The Tao of math: The numbers you can count are not the real numbers.
However between the 1940's and 1970's people could basically afford to purchase homes at reasonable prices, make a good living and support their families, and have a reasonable expectation that if one works hard, they will get rewarded. This doesn't happen anymore.
I work hard, make a good living, and support my family. It is hard to do, however, because people like you keep wanting to take away my hard-earned money and, through redistribution, give it to others who haven't worked as hard or to bail out others who've made poor decisions in their lives.
In the end they will lay their freedom at our feet and say to us, Make us your slaves, but feed us. - Fyodor Dostoyevsky
So why is NASA spending $2.5B on the next Mars Rover and planning to spend over $6B more on a Mars sample return when it can't find the money for much cheaper missions to Europa or Enceladus?"
This summary doesn't accurately describe the situation at all. The Mars missions are so more expensive largely because they are doing more. The next Mars Rover is going to be larger, heavier, and more capable than the two previous--wildly successful--rovers in pretty much every way. That $6B mission is a sample return mission, lifting off and bringing a research payload from Mars back to Earth is an enormous technical challenge.

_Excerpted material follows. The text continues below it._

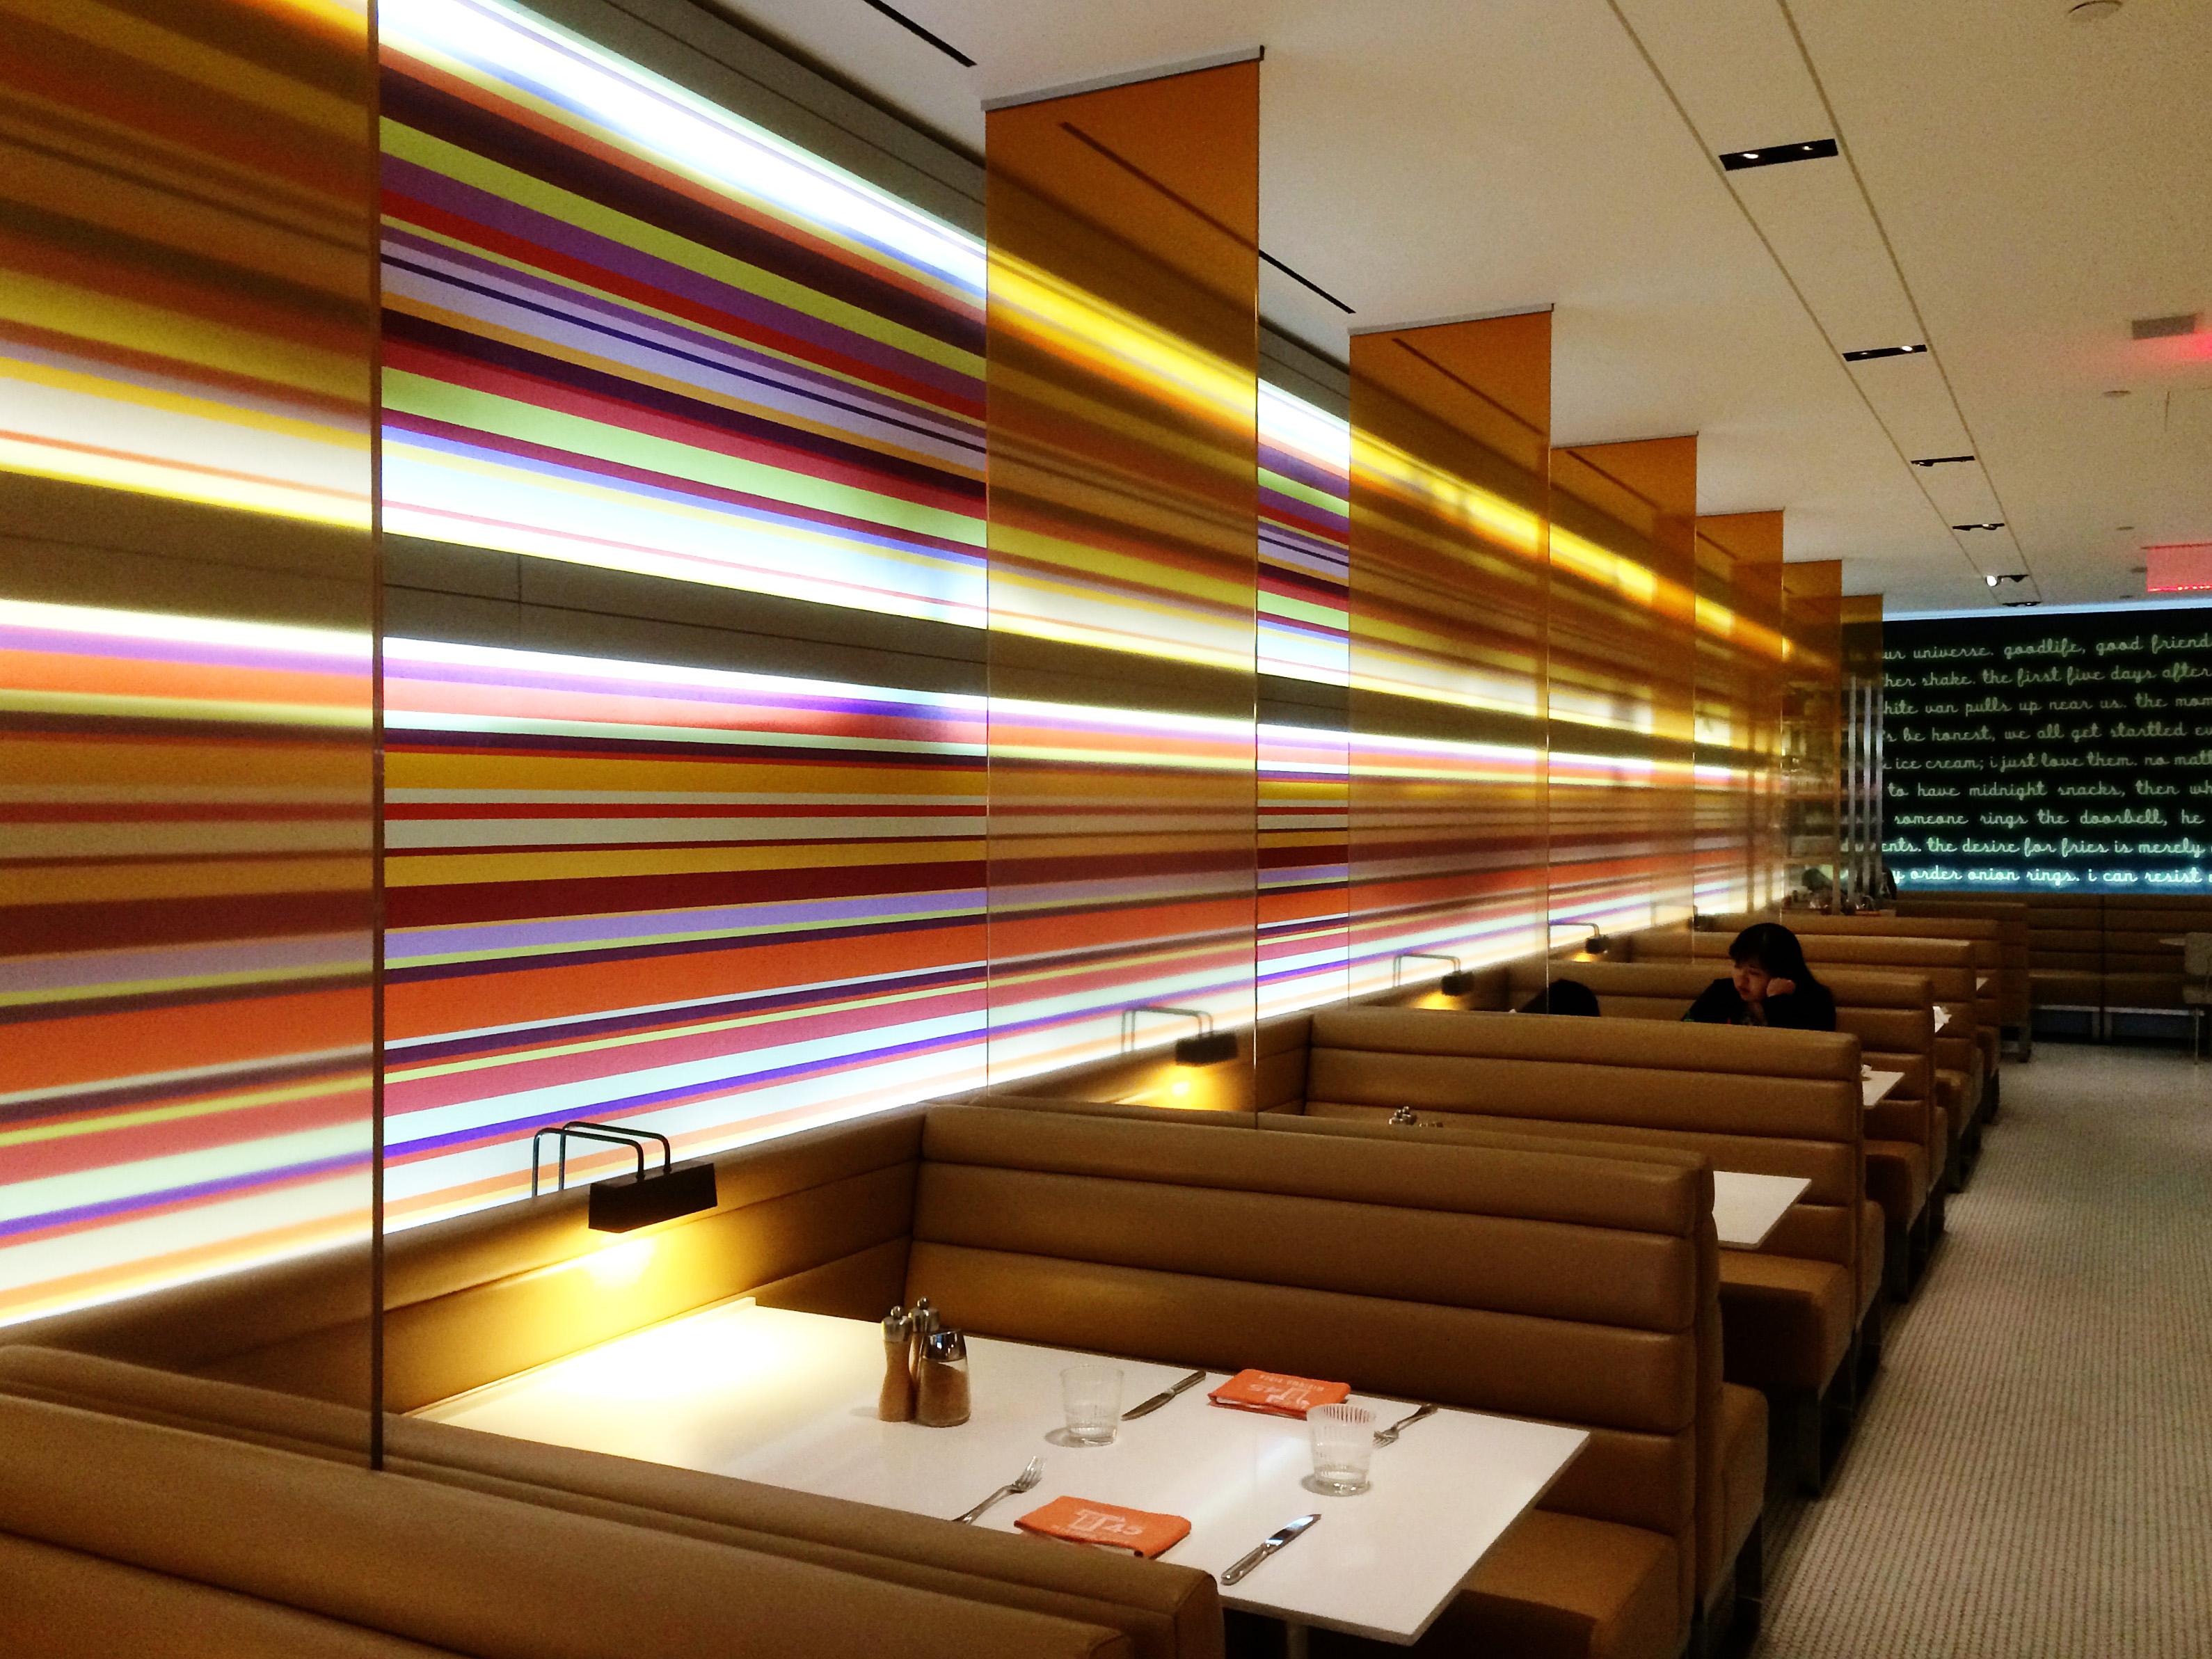 Light Auditorium Seat Restaurant City Wall Decoration Nyc Usa Diner Lighting Interior Design New York Convention

It's never been done before and that will drive most of the cost.
Also the linked missions aren't quite as cheap as the summary implies. The proposed mission to Europa has an estimated cost of $2.5 billion (and $4.7 billion is the given estimate in the last paragraph of the first link in the summary), exactly the same price as the first "overly expensive" Mars mission mentioned. The Enceladus trip is much cheaper, estimated at a little over half of a billion, so that at least is a reasonable alternative, though I still want to point out that that mission is much earlier in the planning stages, and missions that diverge a lot from previous missions are more likely to have ballooning costs as new found kinks are worked out.
Another issue is that not only are the Mars missions promising more, but there is a much greater chance that they will be able to live up to those promises. Every single Mars mission we've done so far has added to our body of knowledge on the planet, and our ability to better plan a mission and engineer a craft that can get more and better data on the next run. From Viking and on we have answered many, many questions about Mars, and learned about even more questions (meaning that we know the sort of doodad that needs to be on the next mission to answer that new question). Starting a new series of missions to a new celestial body means that in a lot of ways you have to start back at the drawing board again. This is another reason to start small on a new body, better to have 3-4 partially successful $200 million missions leading up to that big $2.5 billion dollar rover mission rather than trying plan a $2.5 billion mission right of the bat.
I should clarify that I don't think that investigating these moons is a bad idea. I think it's a wonderful one. However I don't think that we should investigate these moons in place of Mars, when we have already accumulated so much experience on how to investigate Mars. It's also worthwhile to note that this was the viewpoint of every scientist interviewed in the article. Nobody said that they didn't want to go to Mars, they all said that they wanted this moons visited in addition to Mars, not instead of.